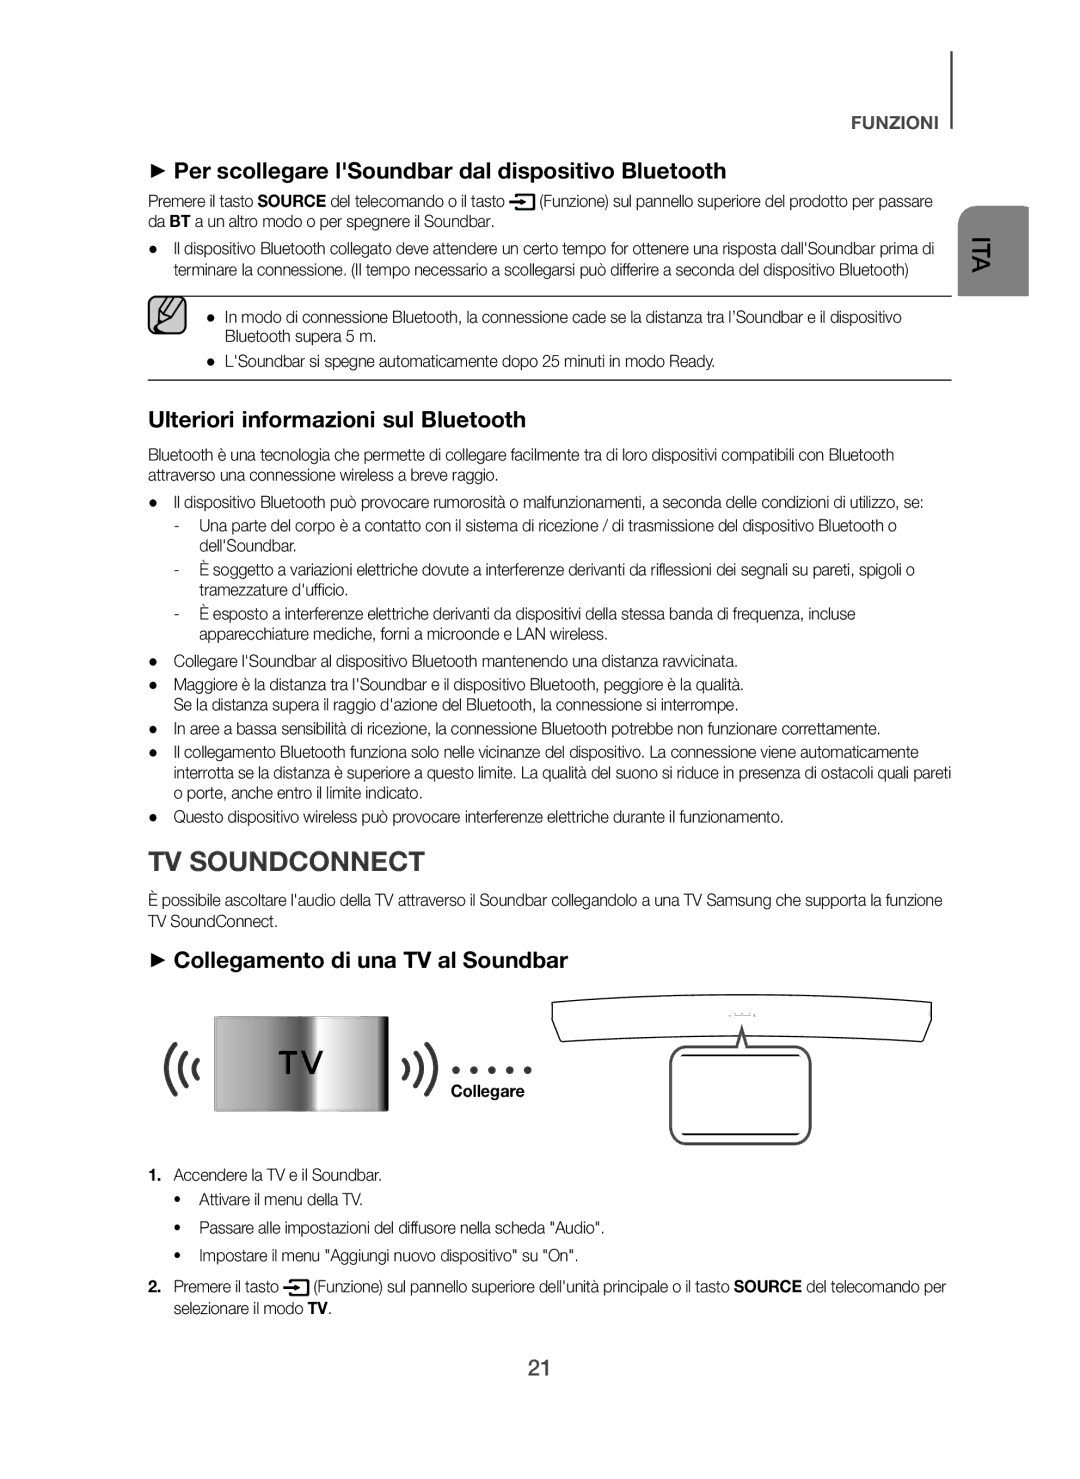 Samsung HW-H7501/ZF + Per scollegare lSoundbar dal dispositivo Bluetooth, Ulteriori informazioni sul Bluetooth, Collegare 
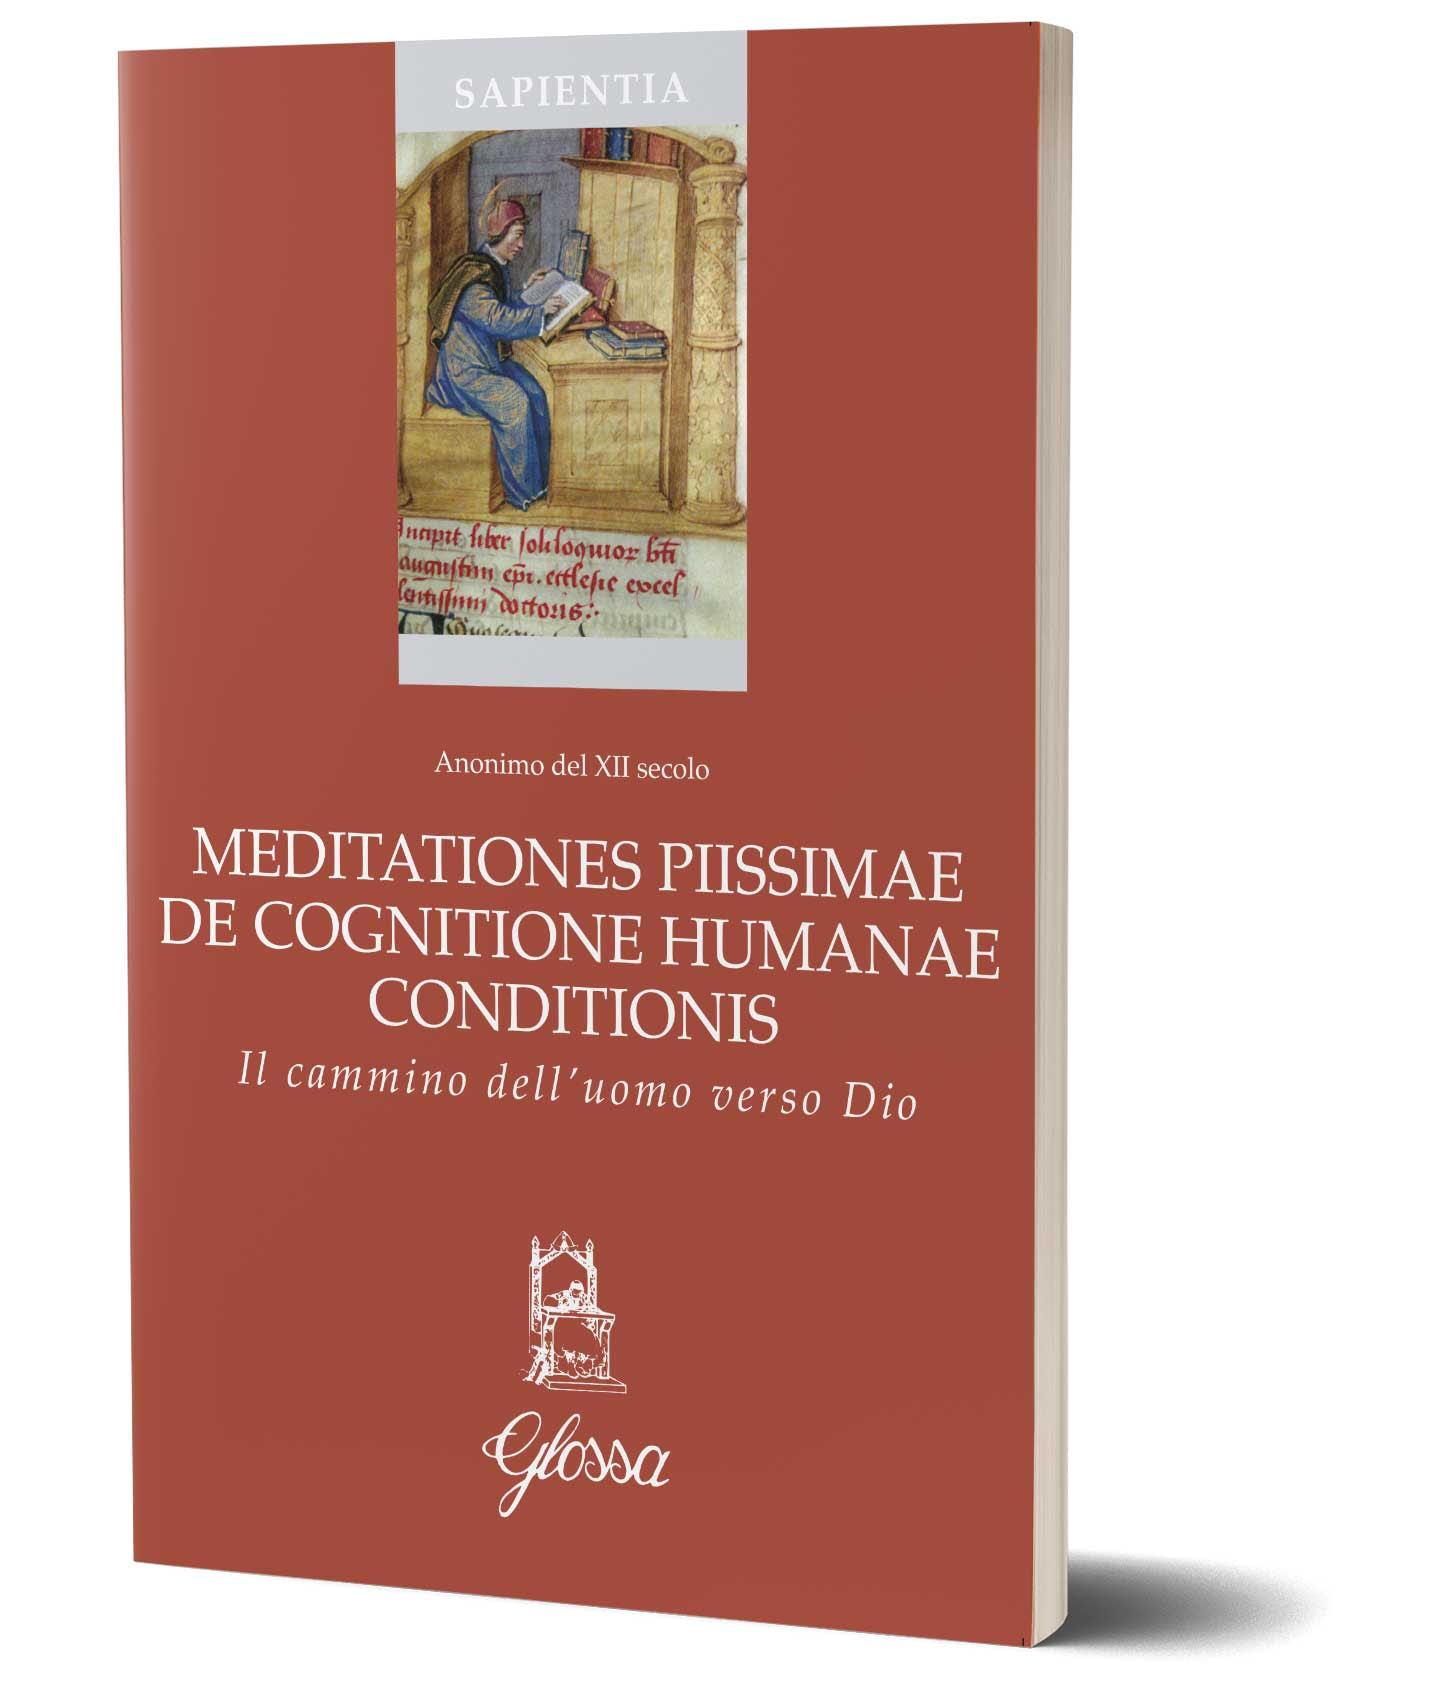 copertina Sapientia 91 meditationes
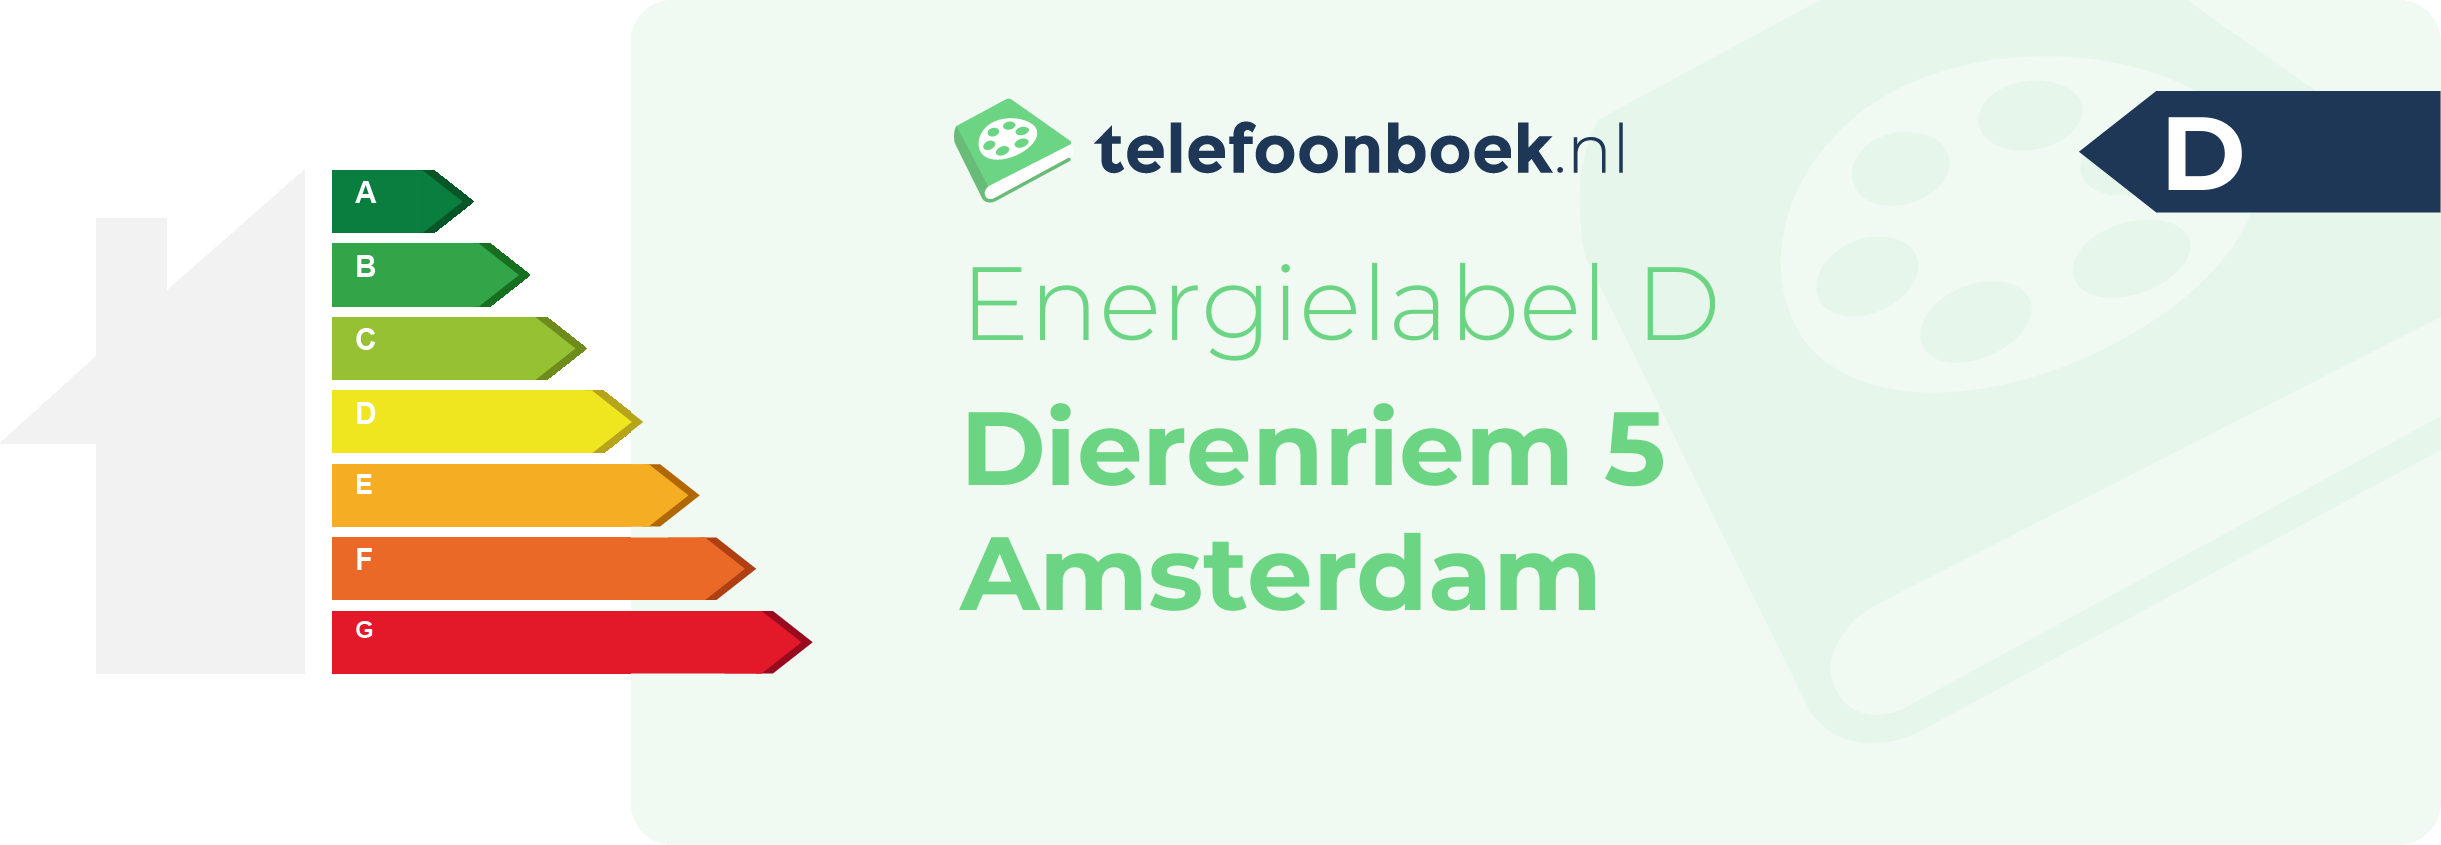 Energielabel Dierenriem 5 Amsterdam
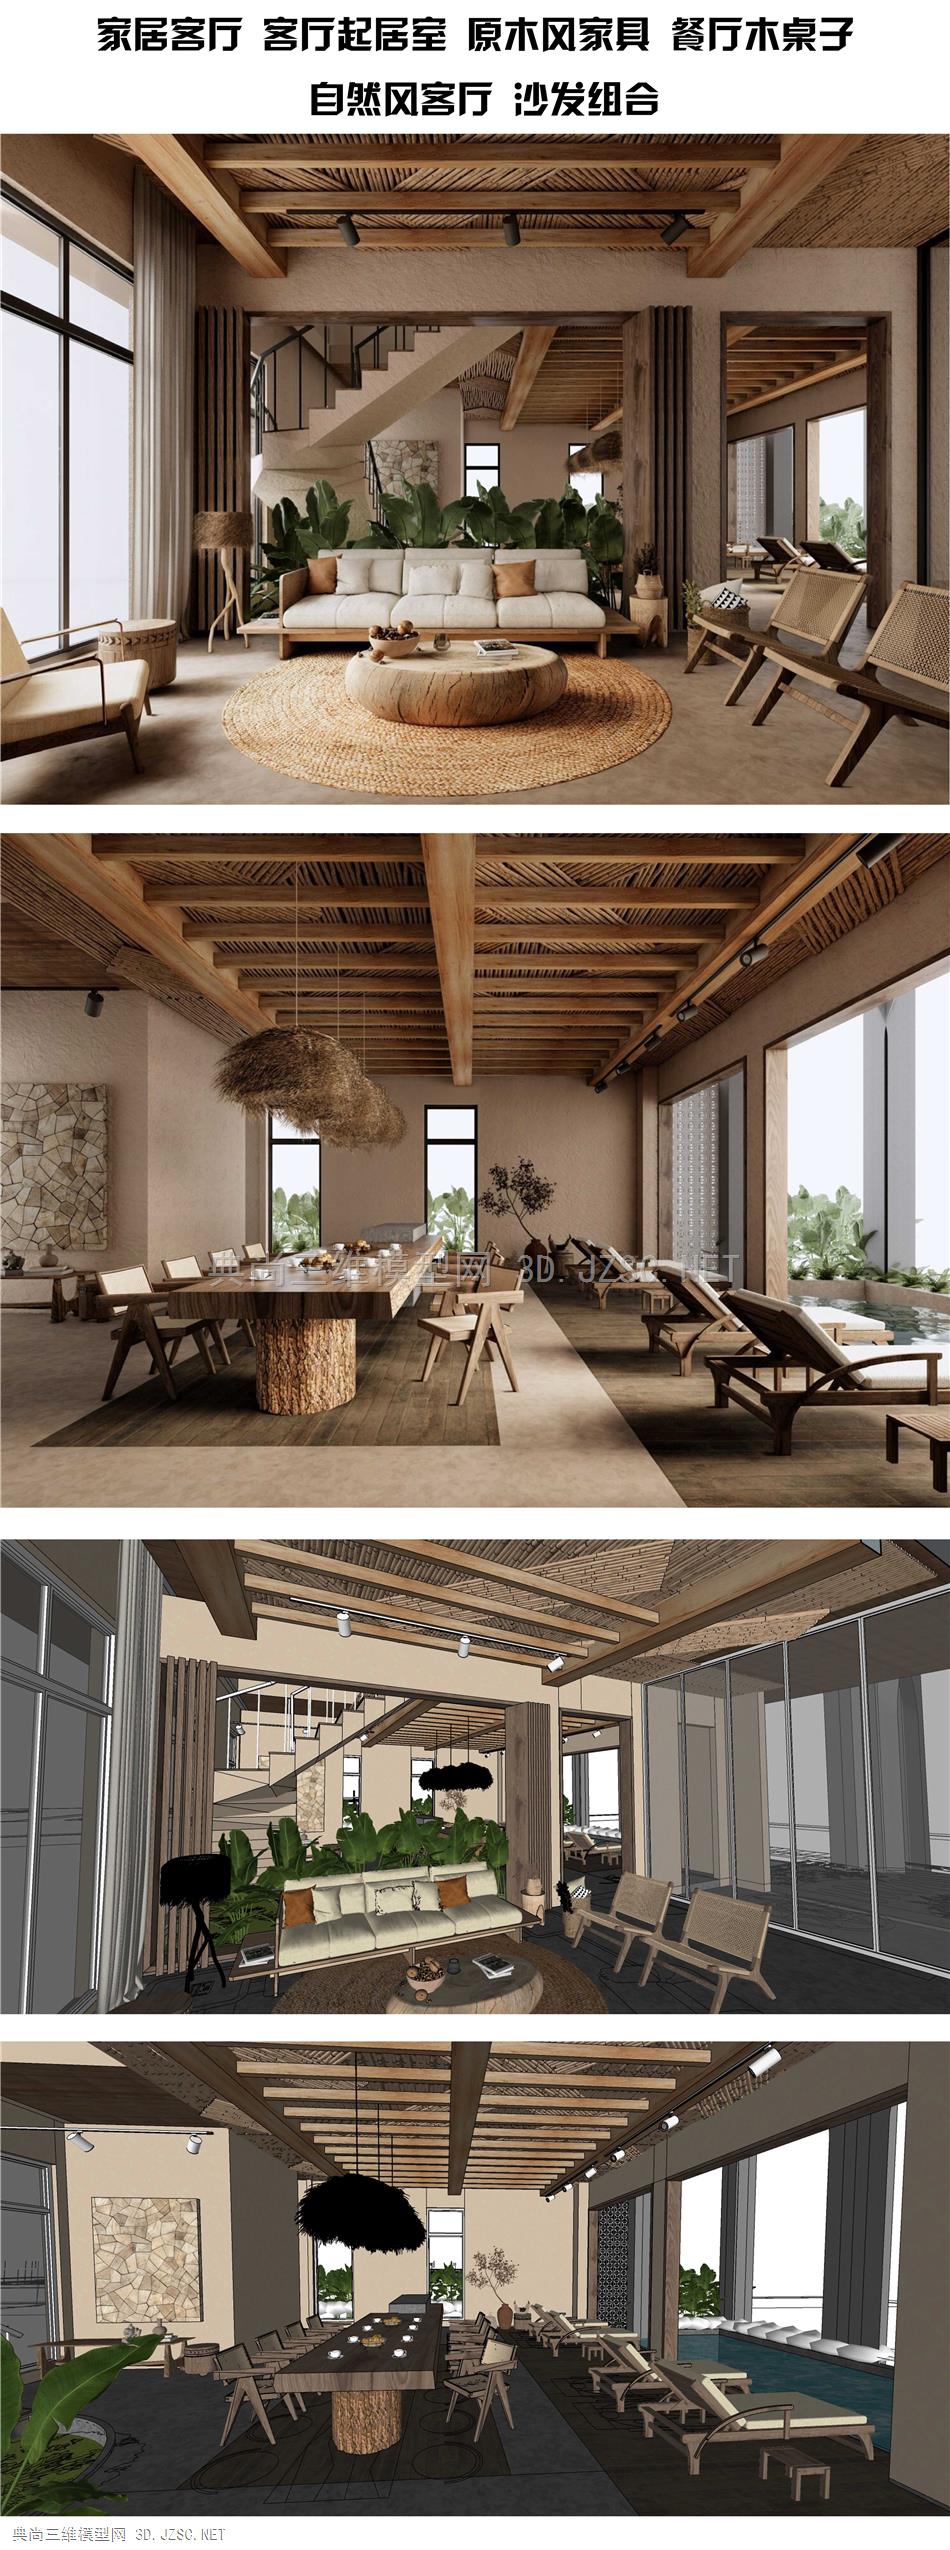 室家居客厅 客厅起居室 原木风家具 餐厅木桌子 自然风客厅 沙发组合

────────────────

## WHAT TO WORK ON
Could you copy each line above exactly as written, minus any pictures?

## OUTPUT BELOW
 Samsung HW-H7501/ZF + Per scollegare lSoundbar dal dispositivo Bluetooth, Ulteriori informazioni sul Bluetooth, Collegare 
 copertina Sapientia 91 meditationes
 Energielabel Dierenriem 5 Amsterdam
 室家居客厅 客厅起居室 原木风家具 餐厅木桌子 自然风客厅 沙发组合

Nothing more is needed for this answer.